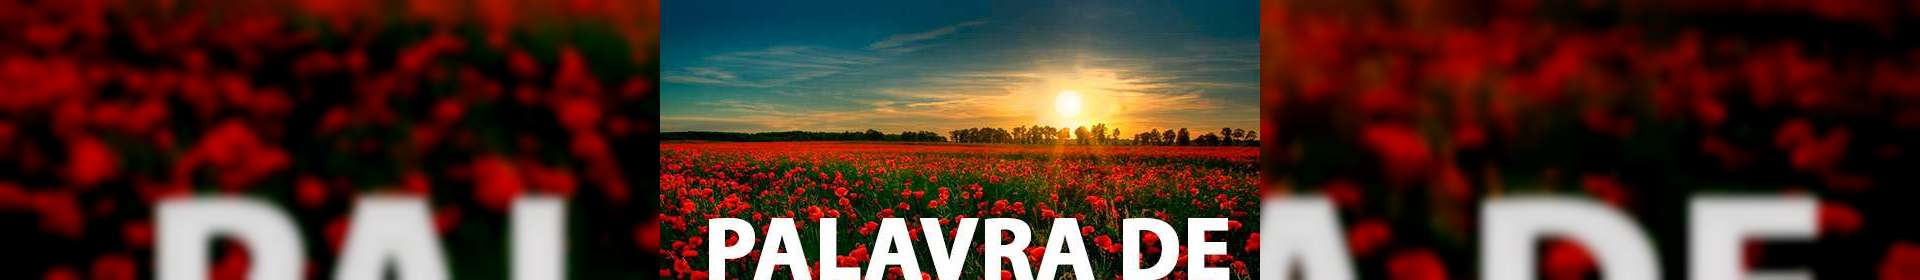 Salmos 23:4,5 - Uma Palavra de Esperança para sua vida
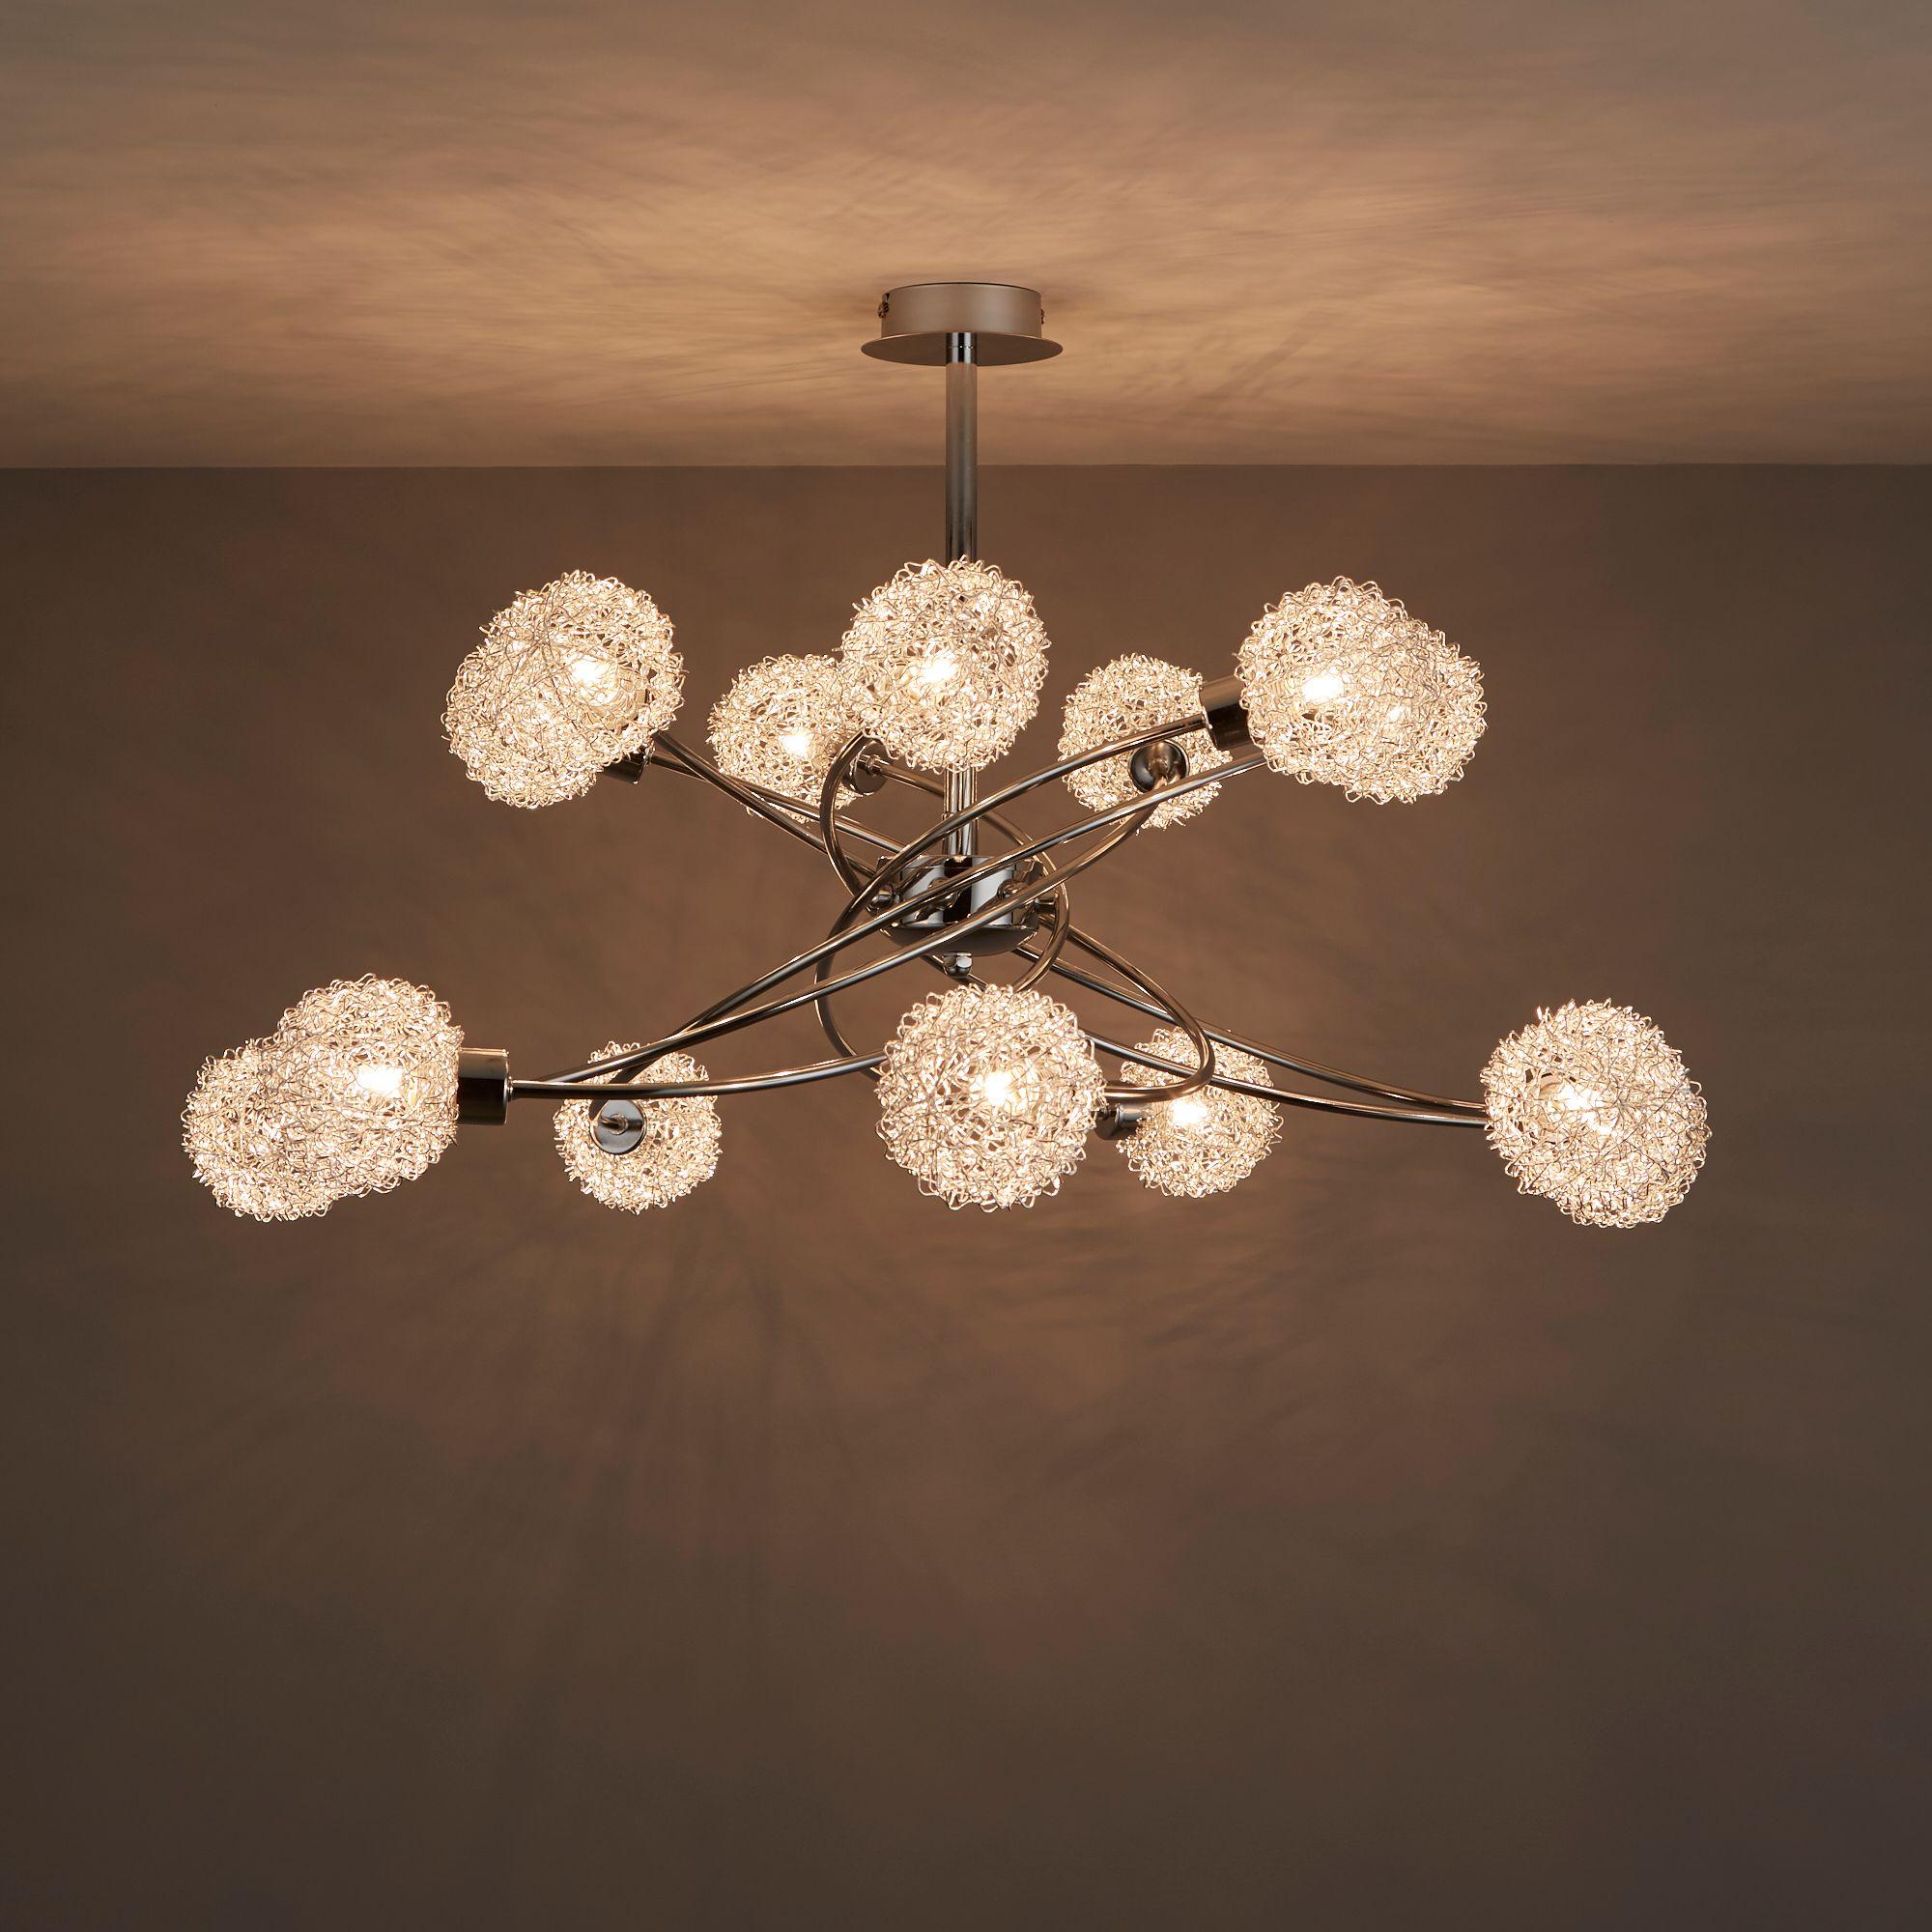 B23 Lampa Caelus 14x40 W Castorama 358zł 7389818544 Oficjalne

---

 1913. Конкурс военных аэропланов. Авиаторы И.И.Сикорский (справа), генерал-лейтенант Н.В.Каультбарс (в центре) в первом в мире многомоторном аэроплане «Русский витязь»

*What you have to do*:
Print the line above containing "Salmos 23:4,5 - Uma", the line containing "B23 Lampa Caelus", and everything between them, exactly as written. Pictures stay out.

*Solved exercise*:
 Salmos 23:4,5 - Uma Palavra de Esperança para sua vida
 B23 Lampa Caelus 14x40 W Castorama 358zł 7389818544 Oficjalne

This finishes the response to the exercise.